Keywords- Sound event recognition; subband power distribution; Spectrogram; Missing feature theory; kNN classifier.

  1. INTRODUCTION

    The environment sound is rich in acoustic information beyond the speech signal that is mainly the focus of automatic speech recognition system. While speech is the most informative sound event, this paper focuses on general sound events such as door closing or bell ringing which provide information and context for the environment beyond that contained in speech.

    Sound event classification is the task where in the audio content of short sound clip is assigned into one set of pre- trained classes. This has a wide range of important application such as acoustic surveillance [2], environmental sound [3, 4], bioacoustics monitoring [5] or in field of machine hearing. In most of these applications, the sound event occurs in the presence of challenging noise condition and signal to noise ratio (SNR) may even fall to 0dB. Typical systems used are often based on adaptation of common

    speech recognition system like Mel-Frequency Cepstral Coeffient (MFCC) and Hidden Markov Model (HMM) classifier. The most important difference between sound and speech signals is that sounds have more distinctive time frequency characteristics and therefore classification depends on characterizing the stochastic nature of the signal. To capture this variation the conventional frame based MFCCs has to be combined with complex recognizers like HMM. This requires a large amount of training data to perform well and the performance often degrades in the presence of mismatched noise conditions.

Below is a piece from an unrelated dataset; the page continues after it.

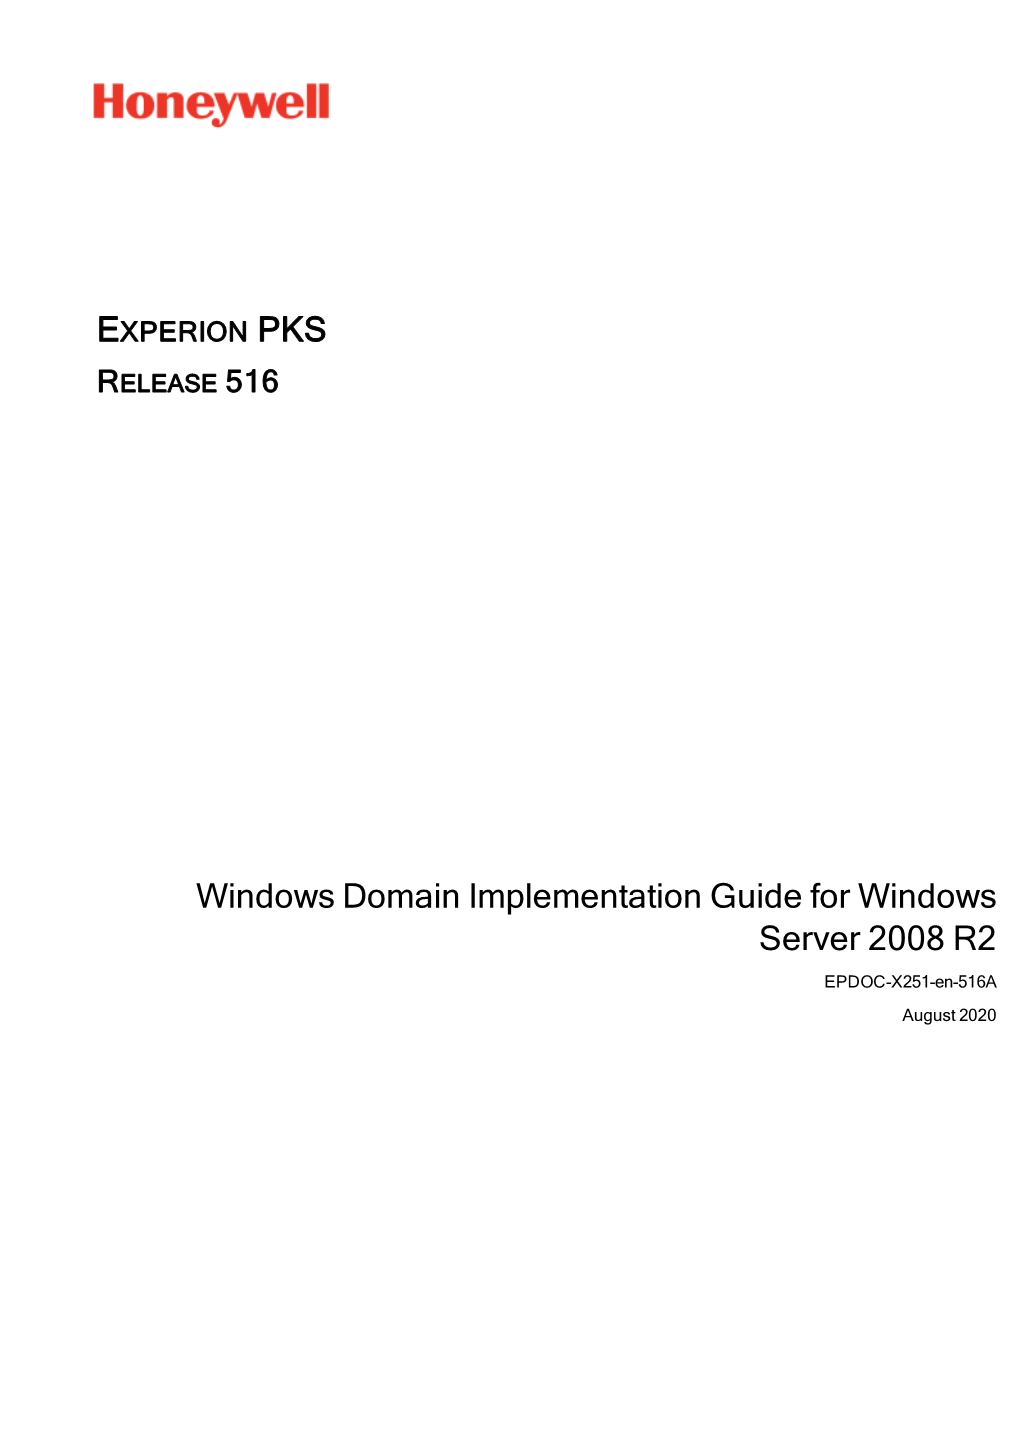 Windows Domain Implementation Guide for Windows Server 2008 R2

    One efficient way to capture the time-frequency characteristics of sound is to extract features from the spectrogram of the sound which is called spectrogram image feature (SIF) [6].This is from the fact that humans can easily identify the signal in an image even in the severe background noise. In SIF, spectrogram is quantized and segmented, similar to pseudocolouring and partitioning in image processing. The feature is extracted from each time frequency block in terms of their central moments. Support Vector Machines (SVM) is used to perform the classification.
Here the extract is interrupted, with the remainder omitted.